- Location: Brainerd and Baxter, Crow Wing County, Minnesota;

Information
- Contaminants: unlined creosote and fuel oil lagoons
- Responsible parties: Burlington Northern

Progress

= Burlington Northern (Brainerd/Baxter) =

Superfund site in Minnesota

The 70-acre Burlington Northern (Brainerd/Baxter Plant) is a former railroad tie treatment plant by Burlington Northern Railroad in northern Minnesota, USA. The unlined creosote and fuel oil lagoons, which had been used to treat the ties, contaminated groundwater. In 1985, the site was listed as a United States Environmental Protection Agency (EPA) Superfund. Contaminated soils were excavated and capped and a groundwater gradient pump-out well is in place.

==Location==
Burlington Northern (Brainerd/Baxter Plant) is located on the boundary between the cities of Brainerd and Baxter, in Crow Wing County, Minnesota, in an area south of the Paul Bunyan State Trail and State Highway 210 and north of West Laurel Street (formerly Florence Street). The Mississippi River flows approximately 3,000 feet east of the site. The site is bordered by commercial and light industrial areas to the north and southwest and by residential areas to the south and southeast.

==History==
The site was operated by Burlington Northern Railroad and historical usage included railroad tie treatment, loading and unloading of ties and timbers, and timber storage. Several rail lines are still active through the area. The tie treating plant operated on the property between 1907 and 1985 and treated railroad ties with creosote and fuel oil. Wastewater generated from the wood-treating process was sent to two shallow, unlined ponds. This created a sludge which contaminated both the underlying soils and the groundwater with creosote and polynuclear aromatic hydrocarbons (PAHs).
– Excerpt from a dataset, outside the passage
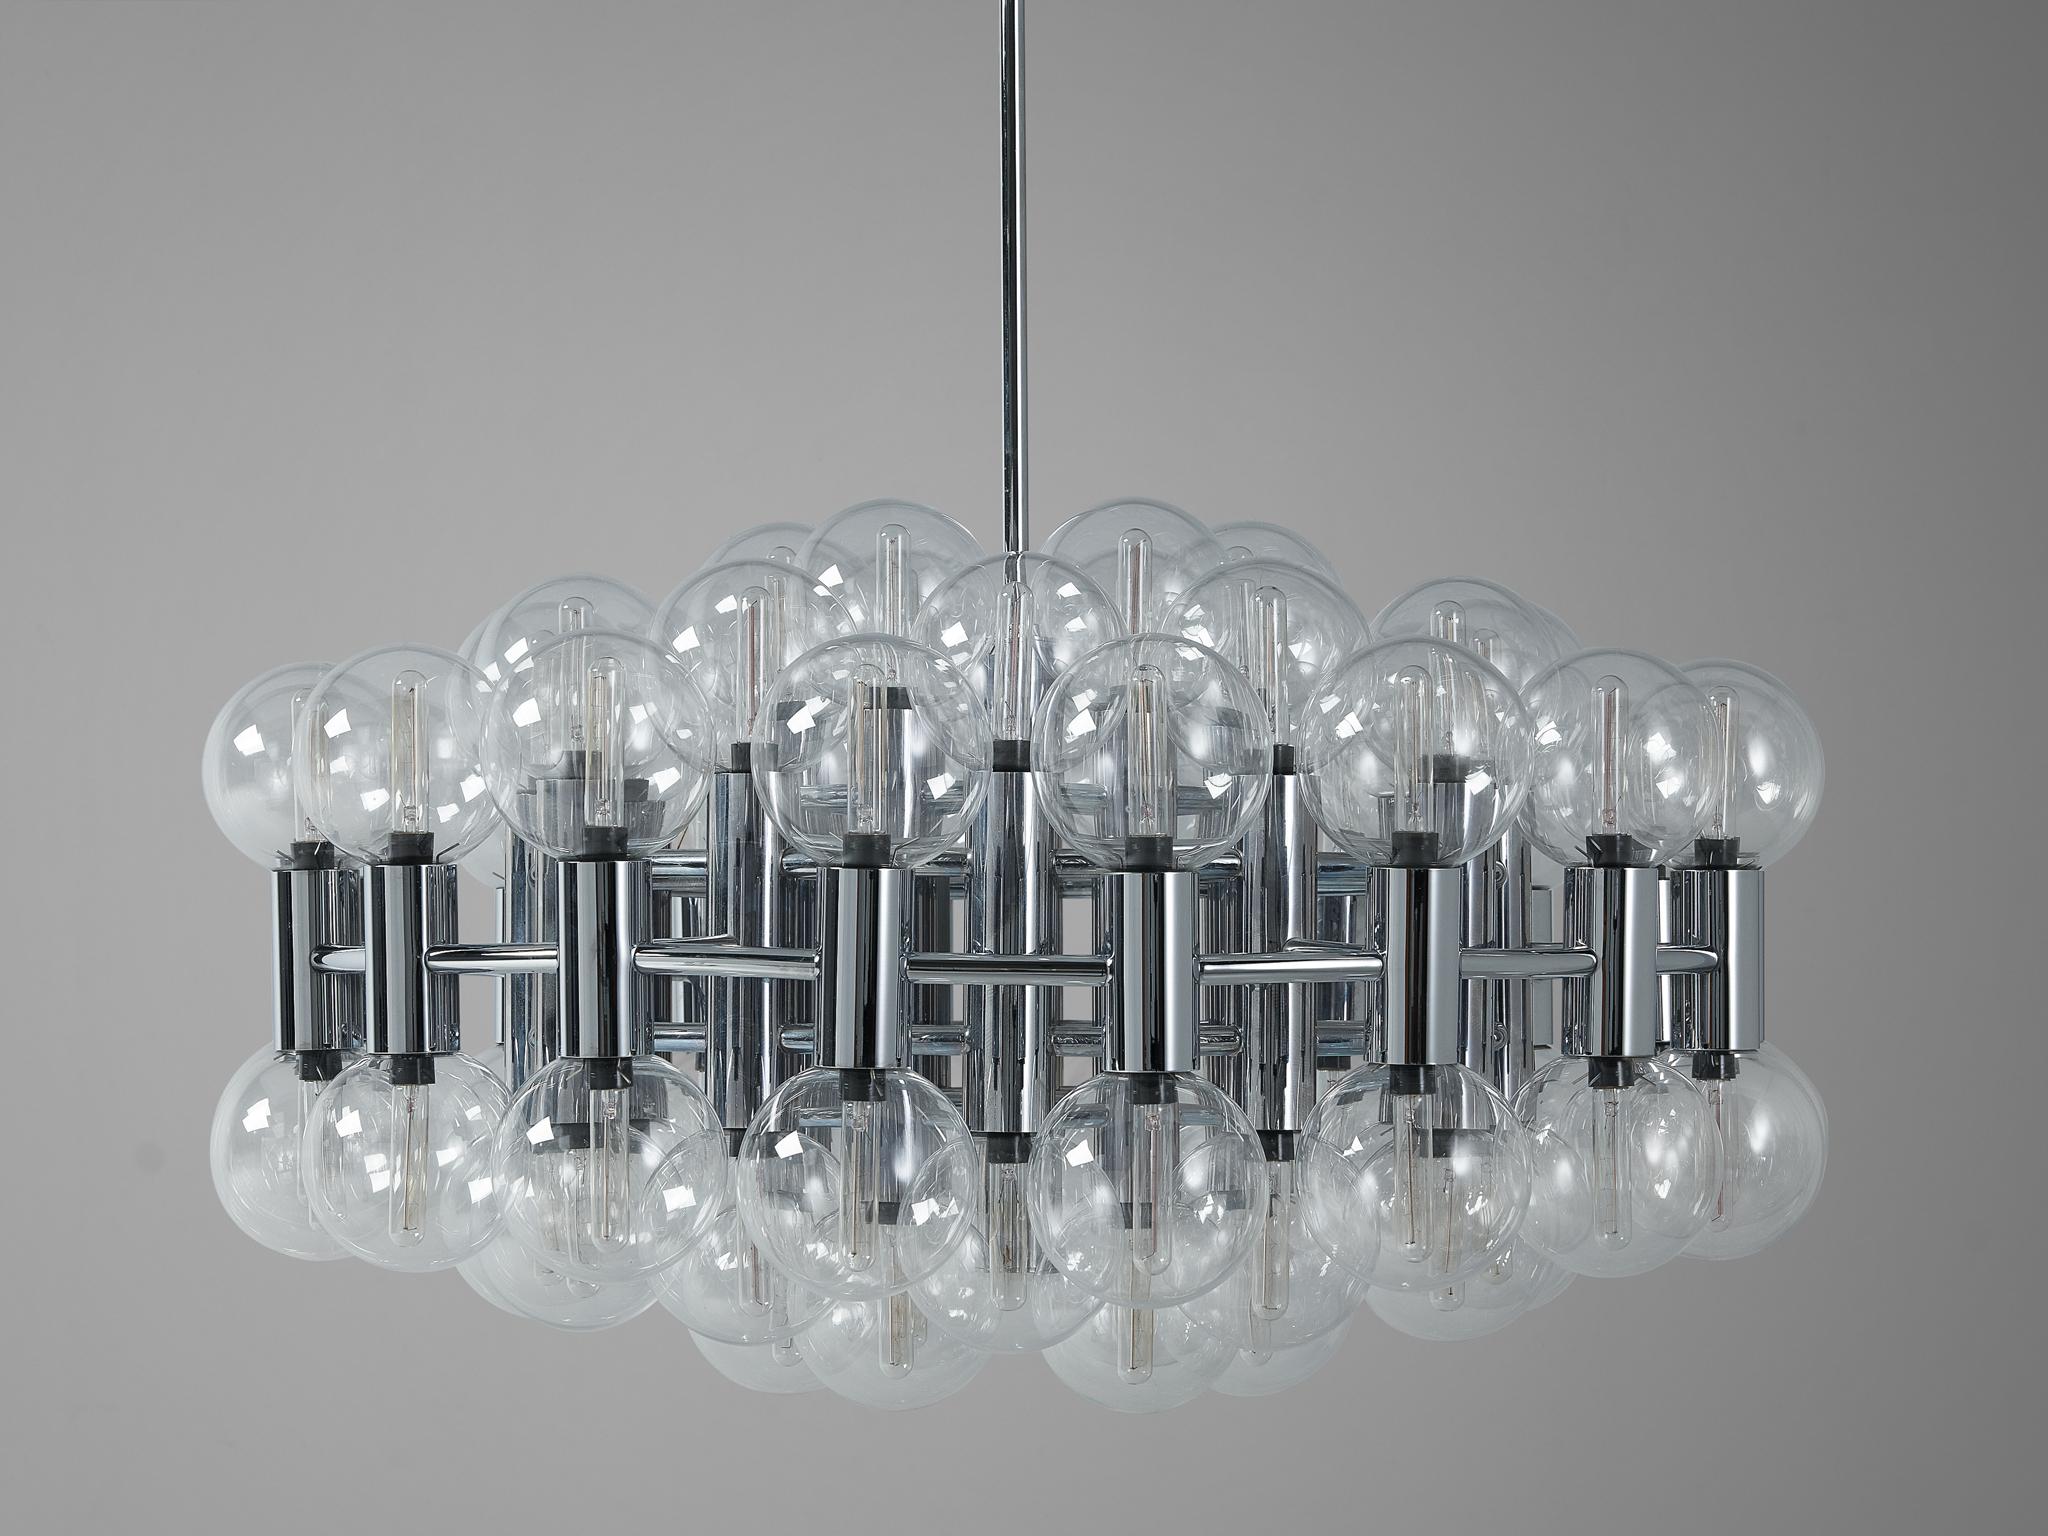  Motoko Ishii for Staff Leuchten Large Chandelier in Chrome with 72 Glass Orbs For Sale 6

==Threats and contaminants==
Prior to the operation of the groundwater treatment system, contaminated groundwater threatened private water wells, and surface water was at risk from contamination with carcinogenic and non-carcinogenic PAHs, oil and grease, salts, and phenols. Soils at the site were also heavily contaminated prior to removal and treatment.

==Cleanup==
Burlington Northern signed an administrative order on consent with the U.S. EPA and the Minnesota Pollution Control Agency (MPCA) in 1985. Prior to that time, wastewater and liquid creosote had been removed from a lagoon and transported to a wastewater treatment plant and additional creosote was reused by an on-site plant. The remedy selected by EPA included on-site treatment and capping of remaining contaminated soils and sludges, and a groundwater gradient control system to address contaminated groundwater by using groundwater pump-out wells.

Visibly contaminated soils and sludges were excavated from the site and placed in the on-site treatment area. After a pilot study was completed, Burlington Northern operated the soil treatment area from 1987 to 1994. After treatment, about 14,000 cubic yards of contaminated soil were placed in a lined cell onsite which was closed in 1995. The containment cell currently operates under a Resource Conservation and Recovery Act permit issued by MPCA.

The groundwater pump-out system was constructed in 1985 and pumped contaminated groundwater from three wells to a storm sewer. A pilot groundwater aeration (air injection) system was added in 1992 to augment the pump-out system. Additional air injection wells were placed in operation in 1995 to aerate the width of the contaminant plume while pumping continued. From 2001 to 2008, various combinations of pumping and air injection were used to control groundwater. Since 2008, an expanded air injection system has been used alone to control and treat contaminants in groundwater.

The Superfund program conducts periodic Five-Year Reviews to evaluate whether the remedy remains protective. The latest Five Year Review, completed in December 2011, documented that the remedy as currently operating is protective in the short-term and that the groundwater plume which exceeds drinking water standards has decreased significantly in size. However, the 2011 review also raised issues should be addressed to ensure long-term protection related to soil, groundwater, and the containment unit. EPA has been reviewing how the issues are best to be addressed at the site.